Seorang ibu rumah tangga asal Sidoarjo menceritakan pengalaman kultivasinya bersama suaminya yang bertabiat keras. Berkat kultivasi mengikuti Sejati-Baik-Sabar, berbagai konflik dapat terselesaikan dengan baik dan dia pun semakin mandiri dalam menapaki jalur kultivasinya.

Praktisi dari Tanjung Pinang menyampaikan pengalamannya beberapa kali mengorganisir dan mengikuti pawai HUT Kemerdekaan RI maupun ulang tahun kota di Kepri. Dan sebagian terhalang oleh cuaca yang tidak bersahabat. Dia memahami bahwa semua ini terjadi karena nian praktisi yang tidak menyatu, pikiran lurus yang kurang. Setelah meluruskan pikiran, gangguan umumnya dapat diterobos dan pawai membawakan keindahan Dafa ke masyarakat berjalan sukses.

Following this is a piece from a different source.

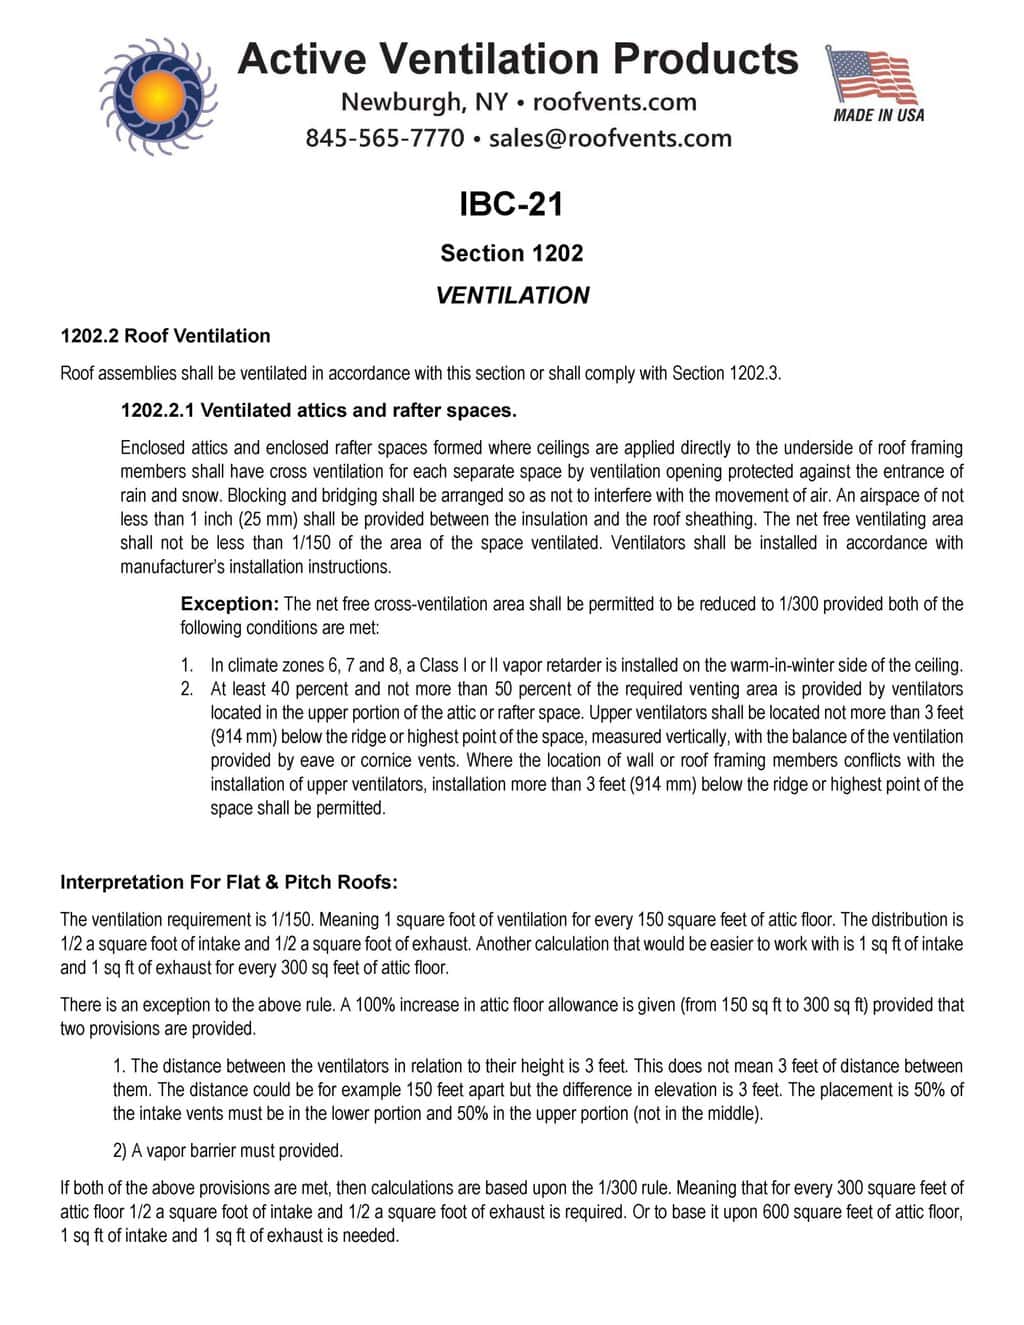 IBC-21_Section1202_Ventilation Code

Seorang praktisi baru asal Batam menceritakan pengalamannya memperoleh Falun Dafa; bagaimana dia menggunakan pikiran lurus untuk mencari iklan bagi media serta menyelamatkan makhluk, serta bagaimana menggunakan perubahan fisik pada dirinya untuk menceritakan kebaikan Falun Dafa pada kerabatnya.

Seorang praktisi asal Jakarta menceritakan pengalamannya mengklarifikasi fakta dari berbagai sudut pandang untuk membuka simpul hati orang-orang yang diklarifikasinya. Dia juga mengutarakan keterikatan akan waktu yang pernah mencuat dalam proses kultivasinya. Sudah banyak pelajaran dalam hal ini, dia berharap rekan-rekan praktisi tidak membiarkan keterikatan apa pun termasuk keterikatan akan waktu muncul menghalangi langkah kita.

Pengalaman seorang praktisi Jepang yang terhindar dari bencana tsunami dan gempa baru-baru ini juga dibacakan dalam kegiatan yang sakral ini. ”Perasaan saya ketika itu serasa sedang mengalami hari kiamat, saya segera sadar bahwa ini adalah sebuah bencana besar yang sedang hadir di sini, saya sedang berada di dalam bencana besar ini, merasakan Shifu sedang berada di samping saya dan melindungi saya, sama sekali tidak merasakan takut, sangat tenang sekali, mengerti bahwa kita adalah seorang kultivator tidak akan ada masalah,” tulisnya.

Acara konferensi berbagi pengalaman berjalan dengan sukses, dan banyak praktisi mengutarakan telah memperoleh manfaat dari pengalaman-pengalaman yang dibacakan.